My Torch RAM usage is growing over epochs

J_Jordano · January 20, 2023, 9:22am

Hi, I’m currently working on PyTorch project to implement a minibatch discrimination(kind of nested module in discriminator) on my GAN code.

But after monitoring the training procedure, I find that my RAM usage is increasing over epochs. And RAM usage causes my whole system halts so that my GAN cannot continue to learn.

I already refered CPU RAM usage increases inside each epoch and keeps increasing for all epochs (OSError: [Errno 12] Cannot allocate memory), but I cannot detach it cuz I have to train T and x.

So I wanna stop gradient computation with respect to some temporary variables(in my case, M, cb, Ox). But whenever I try to set requires_grad=True on this parameters, It shows me " can’t change requires_grad for non leaf variables" error.

This is my module for minibatch discriminator.

class MinibatchDiscriminator(nn.Module):
  def __init__(self, in_features, out_features, row_size, batch_size):
    super(MinibatchDiscriminator,self).__init__();
    self.in_features = in_features; # A 
    self.out_features = out_features; # B in paper
    self.row_size = row_size; # C in paper
    self.batch_size = batch_size; # N 
    self.T = nn.Parameter(torch.Tensor(self.in_features, self.out_features, self.row_size));  # A*B*C
    init.normal_(self.T, 0, 1)
  
  def forward(self,x) :
    M = torch.mm(x, self.T.view(self.in_features,-1)).view(-1,self.out_features,self.row_size); # R^(N*A) * R^(A*B*C) => R^(N*B*C)
    cb = torch.zeros(self.batch_size, self.batch_size, self.out_features); # N*N*B
    for i in range(self.batch_size) : 
      for j in range(self.batch_size) :
        cb[i][j] = torch.abs(M[i]-M[j]).sum(1);

    cb = torch.exp(-cb);
    Ox = cb.sum(1).cuda(); # N*B
# Ox.requires_grad = False; // Error
    return torch.cat([x,Ox],1);

And this is the module for discriminator.

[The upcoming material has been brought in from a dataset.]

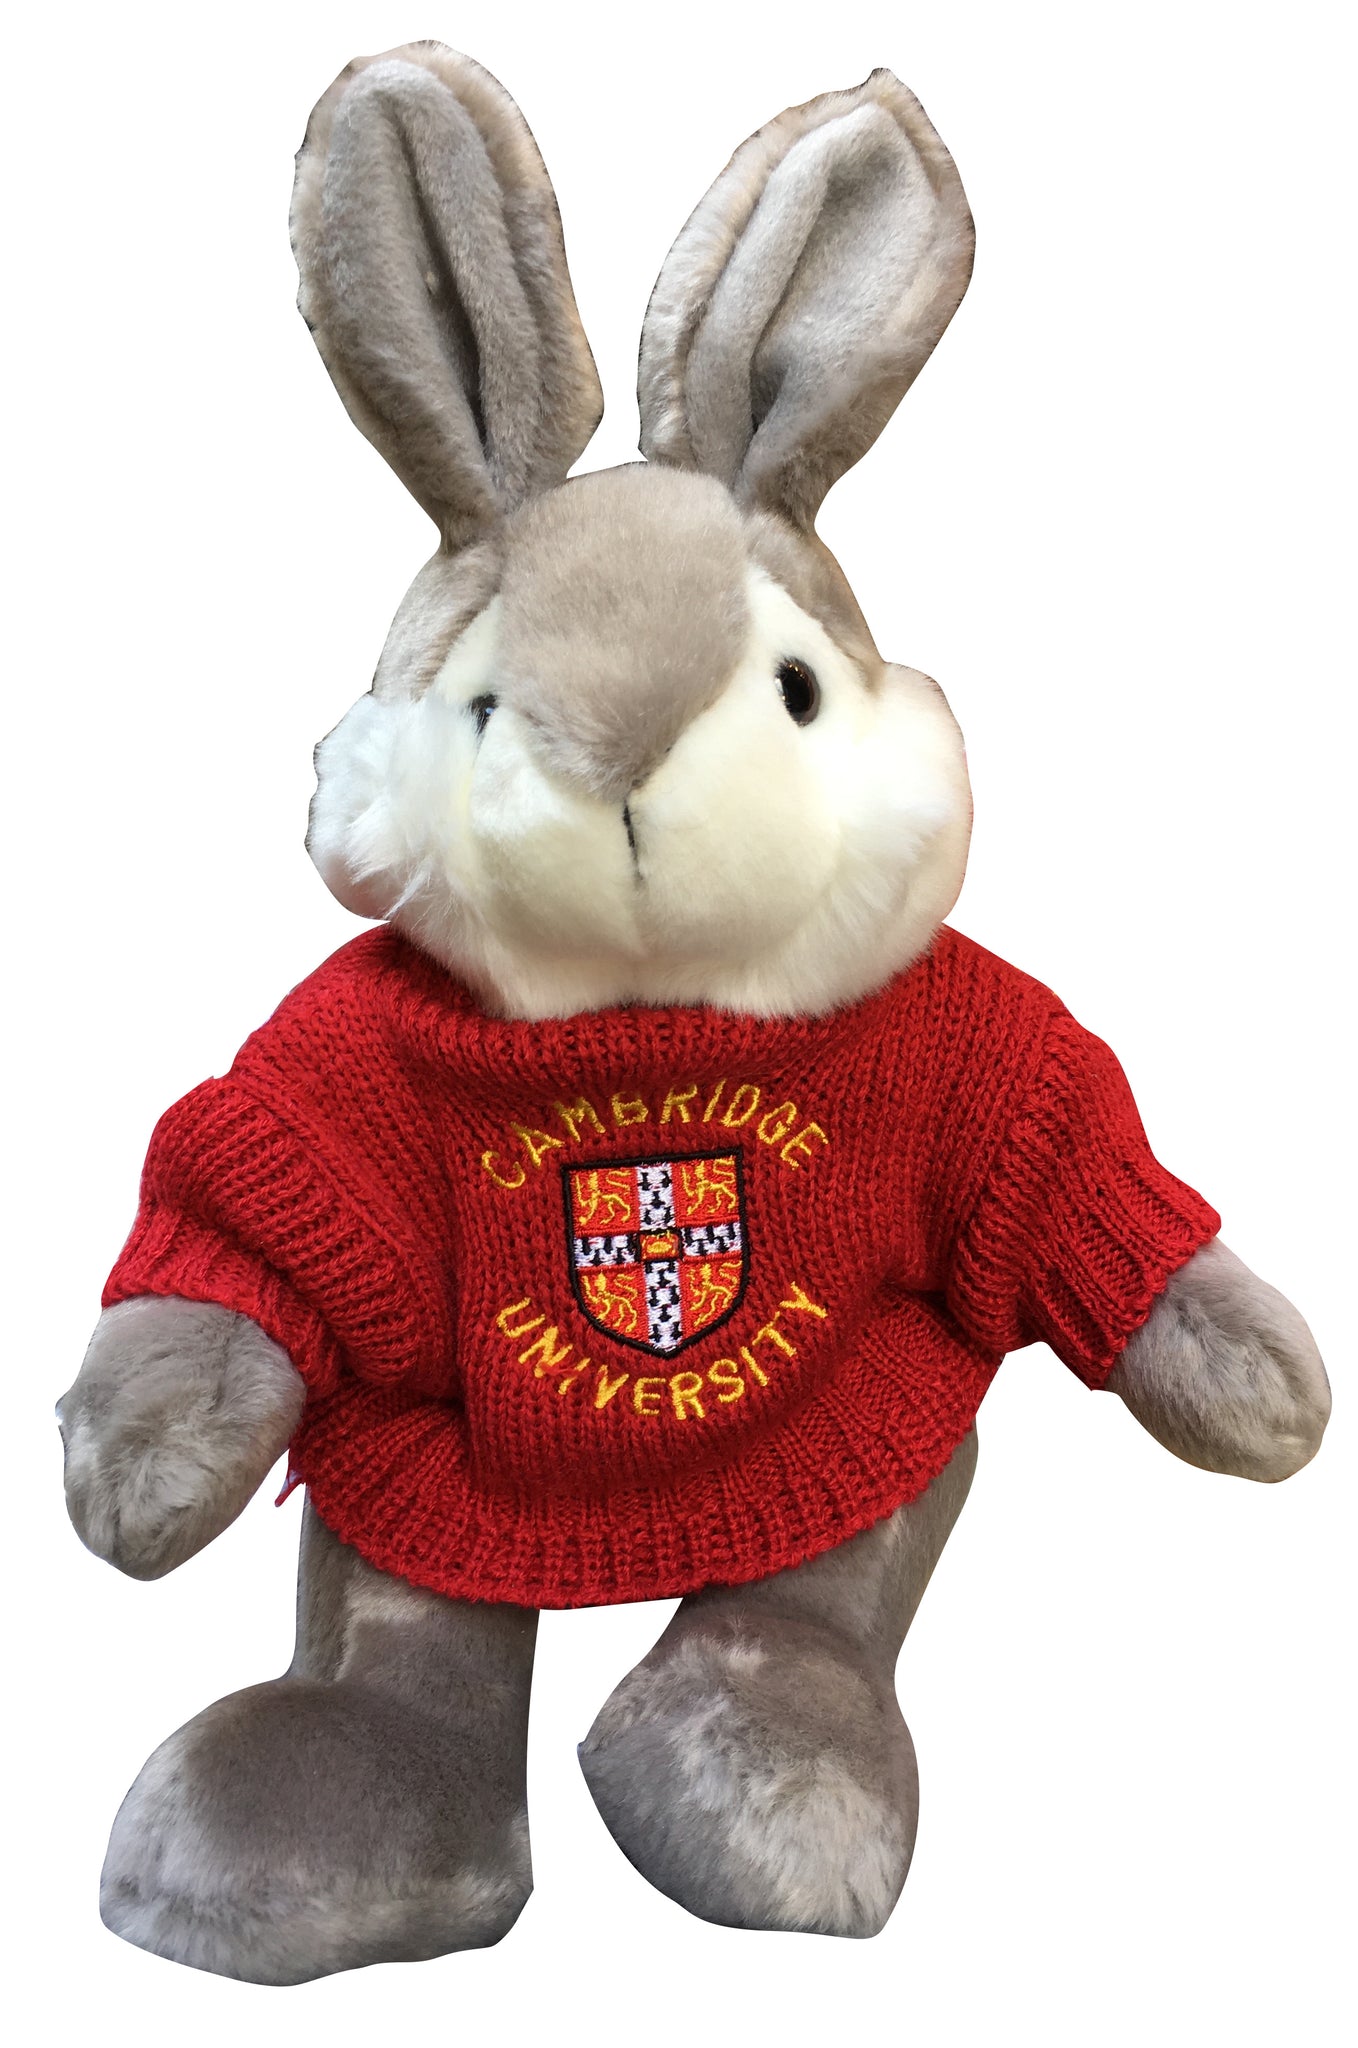 Cambridge University Plush Soft Toy - Byron Bunny with Cambridge University Sweater - Official Licenced product
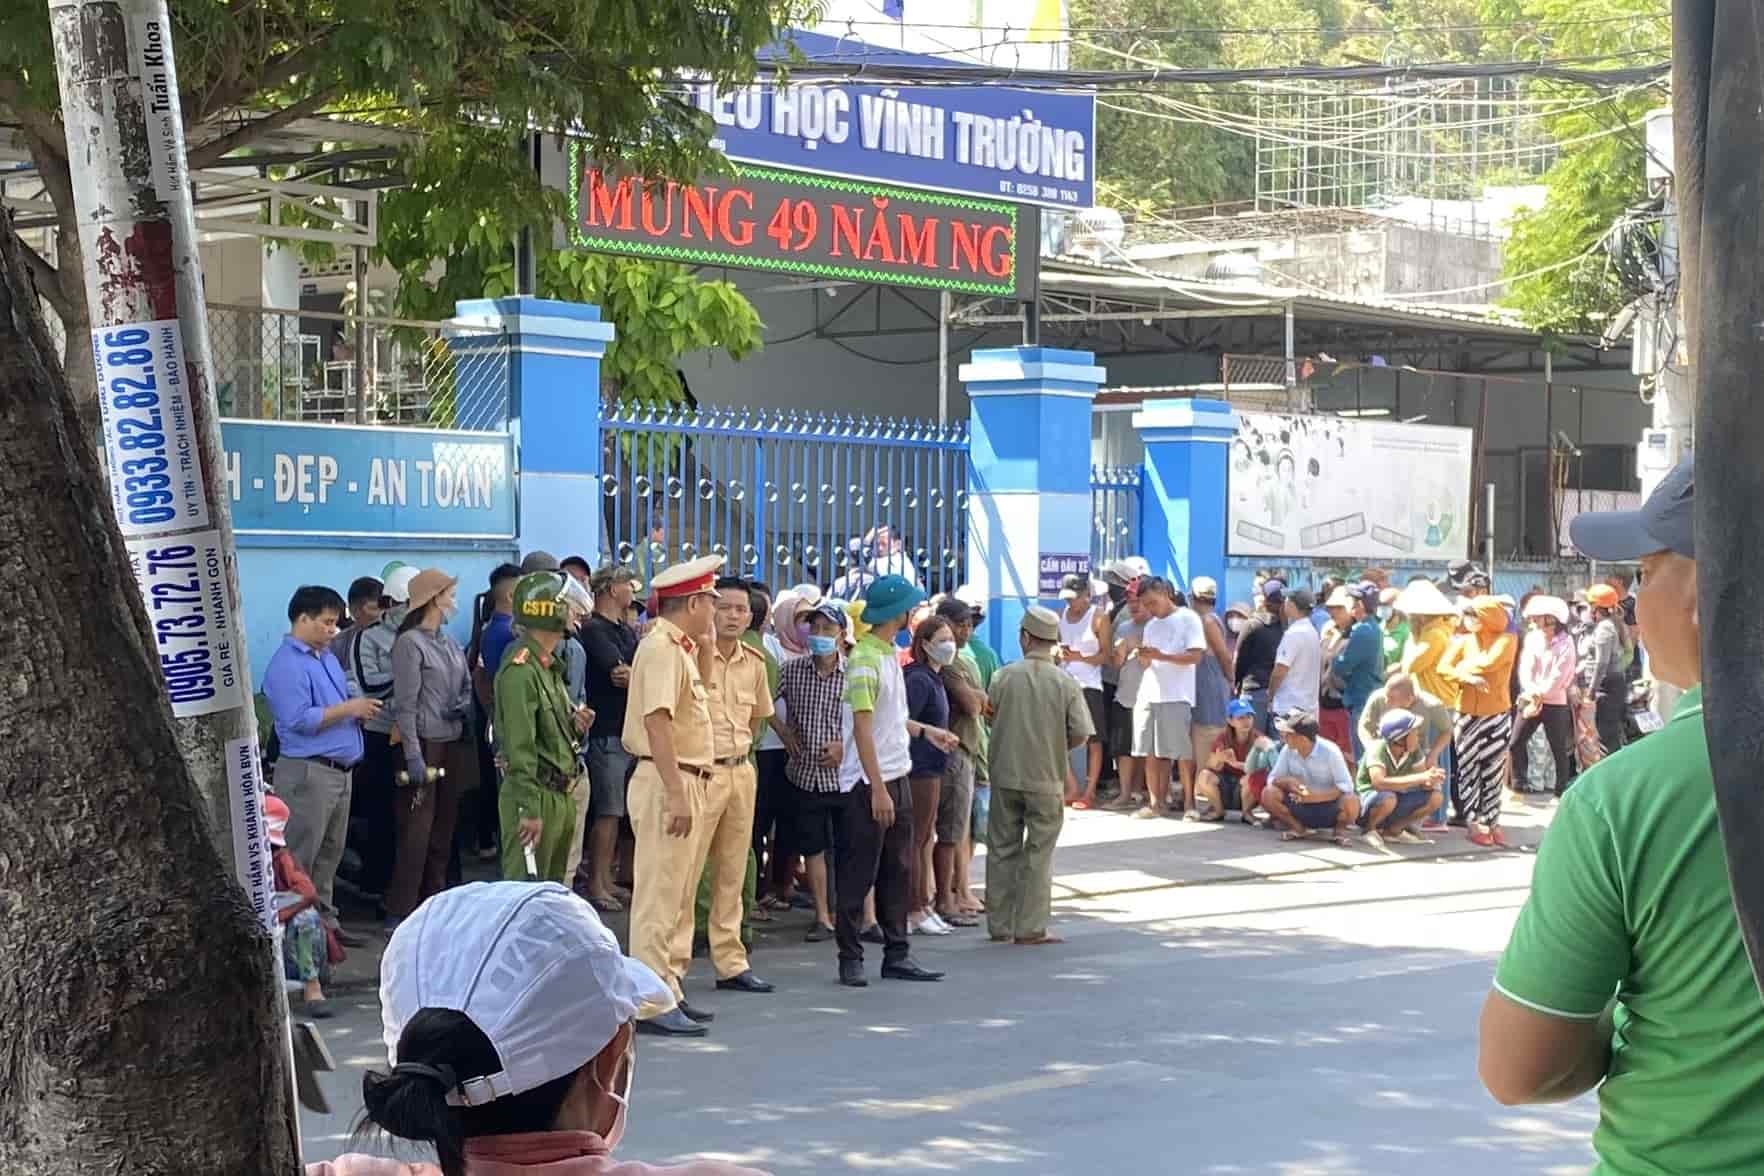 Lực lượng chức năng đảm bảo an ninh trật tự trước cổng trường Tiểu học Vĩnh Trường. Ảnh: Hữu Long

class Discriminator(nn.Module) :
  def __init__(self) :
    super(Discriminator, self).__init__();
    
    self.ff1 = nn.Sequential(
        nn.Conv2d(in_channels=3, out_channels=128, stride =4 , kernel_size = 4, padding = 0 ),
        nn.BatchNorm2d(128),
        nn.LeakyReLU(),

        nn.Conv2d(in_channels=128, out_channels=256, stride =1 , kernel_size = 4, padding = "same" ),
        nn.BatchNorm2d(256),
        nn.LeakyReLU(),

        nn.Conv2d(in_channels=256, out_channels=512, stride =4 , kernel_size = 4, padding = 0 ),
        nn.BatchNorm2d(512),
        nn.LeakyReLU(),

        nn.Conv2d(in_channels=512, out_channels=1024, stride =1 , kernel_size = 4, padding = "same" ),
        nn.BatchNorm2d(1024),
        nn.LeakyReLU(),
        
        nn.Conv2d(in_channels=1024, out_channels=1024, stride =4 , kernel_size = 4, padding = 0 ),
        nn.BatchNorm2d(1024),
        nn.LeakyReLU(),

        nn.Flatten(),
        nn.Linear(in_features = 1024 * 4 * 4 , out_features=  minibatch_A),

    )

    self.ff2 = nn.Sequential(
        nn.Linear(in_features = minibatch_A+minibatch_B, out_features=1),
        nn.Sigmoid()
    )


  def forward (self, x) :
    p = self.ff1(x);
    p = minibatch_discriminator(p);
    p = self.ff2(p);

    return p;

Thank you for your help.

ptrblck · January 20, 2023, 9:57am

An increase in memory usage is usually caused by storing tensors which are still attached to a computation graph which would disallow the backward call to free the intermediate tensors.
Could you check if you are storing the loss(es) or outputs in a list or in another tensor?

J_Jordano · January 20, 2023, 11:55am

Thank you for the reply.

I found that problematic part from my code which is

    d_loss_log.append(d_loss)

after changing it to

    d_loss_log.append(d_loss.detach())

it worked and my RAM usage doesn’t soar anymore. Thank you!